Appeal judges uphold decision to waive bin lorry damages time bar

6th February 2019 | civil litigation , reparation

Appeal judges in the Court of Session have upheld a decision to allow a damages action based on the Glasgow bin lorry tragedy to proceed against Glasgow City Council, although the claim would otherwise be time barred due to a failure by a solicitors' firm to comply with procedural requirements.

Lord Justice Clerk Lady Dorrian, Lord Menzies and Lord Malcolm held that Lord Doherty had acted within his discretion when he allowed the action by relatives of some of the six people killed in the incident in December 2014, to go ahead.

An action had been raised within the three year period allowed, in December 2017, but fell under court rules when the summons was not called in court within three months and a day of it being permitted to be served. When this was realised, in June 2018, a second summons was prepared and served the next day. The council argued that this action was time barred and should not be allowed to proceed; the pursuers asked the court to exercise its discretion under the legislation permitting it to do so if it was equitable in the circumstances.

Lord Doherty recognised that the pursuers had an alternative remedy against the solicitors, which was likely to succeed, but he considered that they would be very materially prejudiced by a refusal to exercise the court’s power, and having to instruct new solicitors would be very challenging for them particularly given the state of mental health of one of them.

On appeal the council argued that there was no evidence to support such findings, and the judge had failed to take account of the financial prejudice to the council of the case going ahead, and placed too little weight on the availability of an alternative remedy against the solicitors.

Giving the opinion of the court, Lady Dorrian said the judge was entitled to conclude on balance that the pursuers would be likely to require new solicitors they could trust, though it was the Edinburgh court firm rather than their own Glasgow solicitors who had been at fault.

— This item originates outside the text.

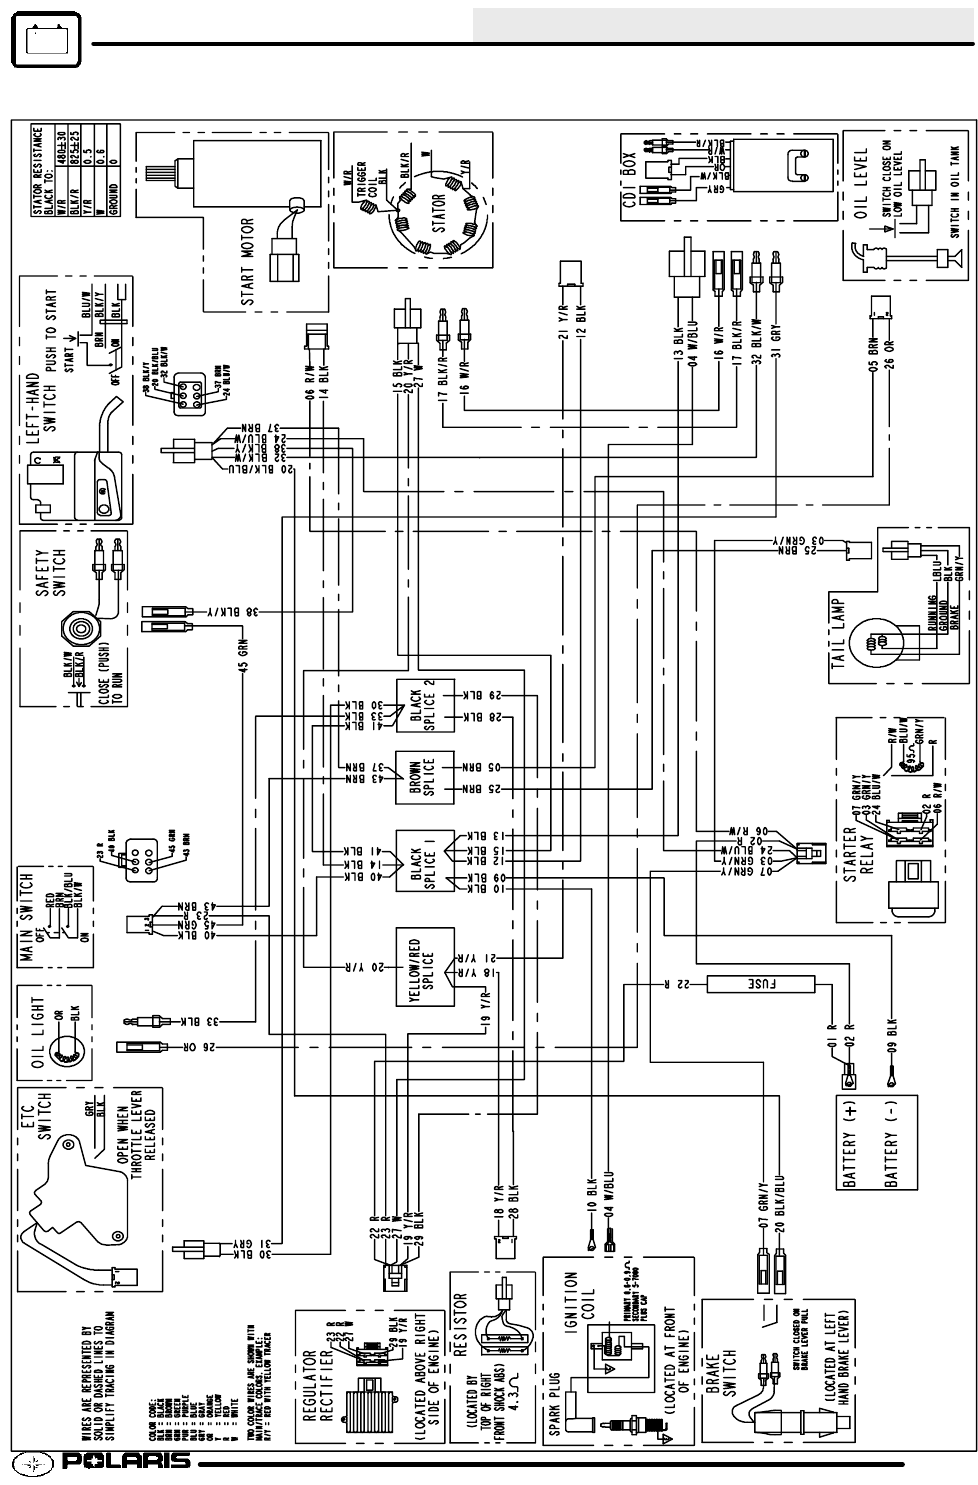 diagrams 1500788 kazuma quad wiring diagram redcat atv mpx110 Kazuma Meerkat 50Cc Wiring-Diagram english kazuma 50cc atv wiring diagram

The Glasgow firm might be thought to have some responsibility and the judge was entitled to take into account the relationship that had developed between them and the pursuers.

In relation top delay, she continued: "The claim against the present reclaimers is one which is at the stage of having been fully investigated, has been quantified, where the reclaimers do not seek to advance any defence, where interim damages have been paid, and which the agents have agreed to settle on the basis of full liability. There have been many discussions relating to settlement of the claim. Should the alternative remedy against the agents be pursued, whilst there may be no difficulty in establishing primary liability, there may be issues relating to apportionment, and the likelihood is that the new agents, or the insurers, would require to carry out some investigation into the soundness of the original claim, and the value thereof, which might give rise to difficulties with quantification."

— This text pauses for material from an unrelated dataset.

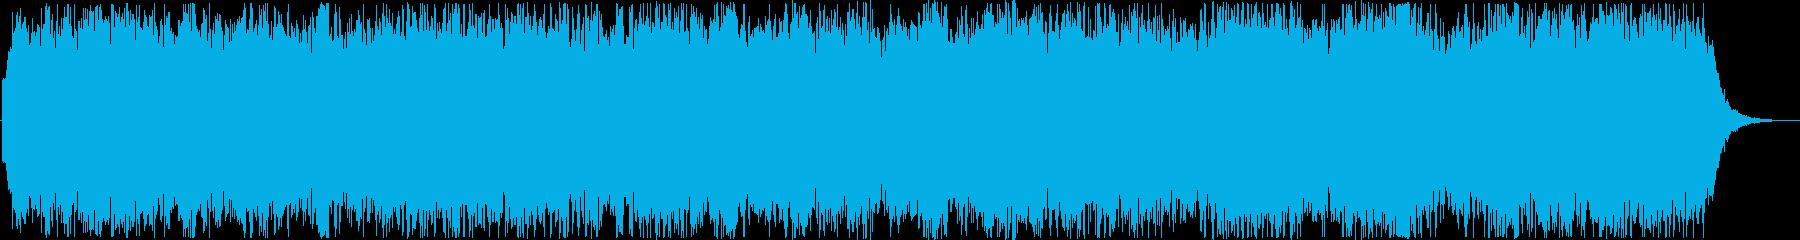 サイエンス・ドキュメンタリー系BGMの再生済みの波形

A joint minute had recorded the existence of mental health problems, and a medical report spoke to the effect of the ongoing legal proceedings. There was therefore evidence from which the Lord Ordinary was entitled to reach the conclusion which he did on this aspect.

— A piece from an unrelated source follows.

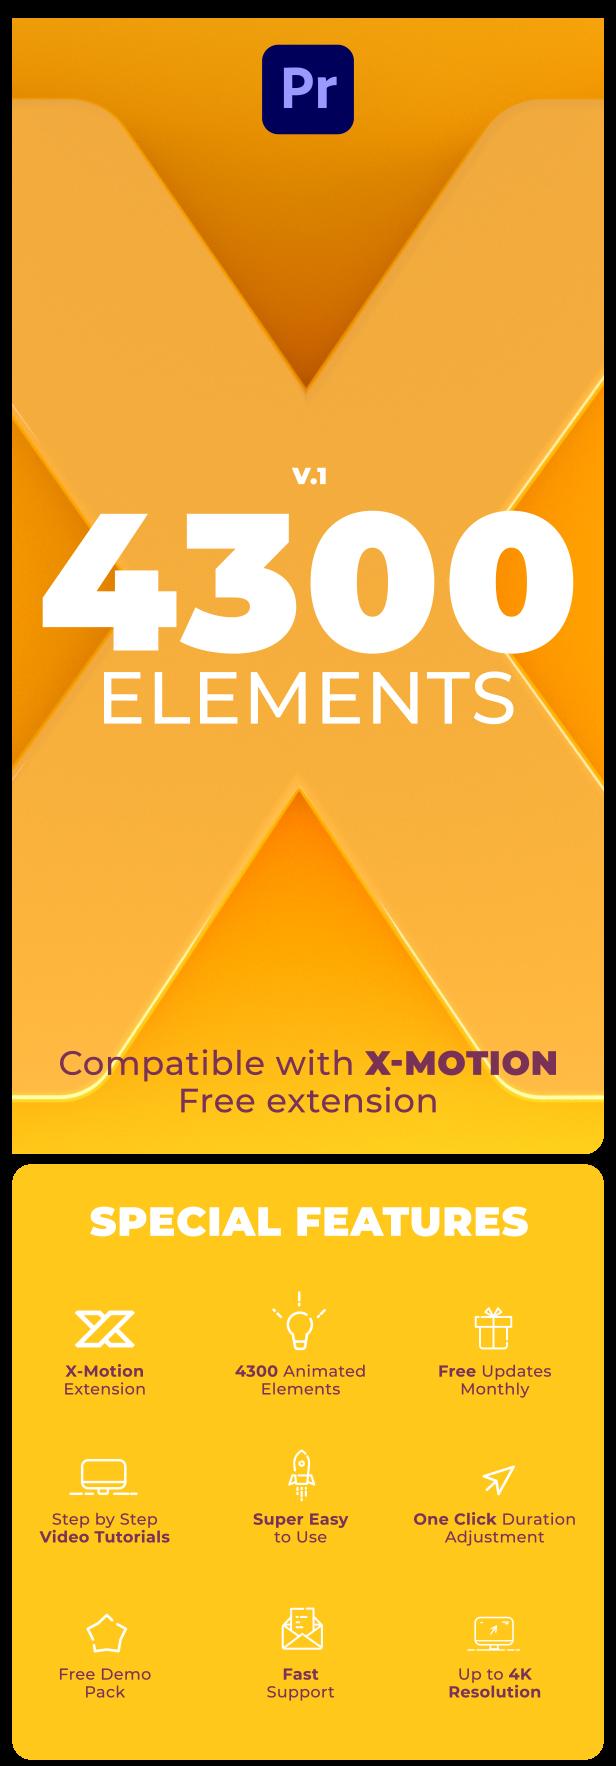 中文汉化PR脚本-4300个丰富多彩创意独特场景信息图形线条动画扩展工具包 X-Motion-v1.4 for Win/Mac破解版插图2

Lady Dorrian concluded: "On the remaining issue of the balancing exercise, we again cannot accept the submission that the Lord Ordinary erred in the weight he attributed to the individual factors. He gave due attention to all the relevant factors. He recognised in terms that the respondents had a claim for professional negligence which “would be very likely to succeed.” He recognised that the reclaimers would suffer prejudice from the loss of the statutory protection, but he was entitled to take into account that this was the only prejudice which would be encountered by the reclaimers. He was entitled to take account of the fact that this was only one of the factors which he required to consider, as was the availability of the alternative claim. What the Lord Ordinary required to do was make an assessment of all the relevant factors, and in our view this is what he did."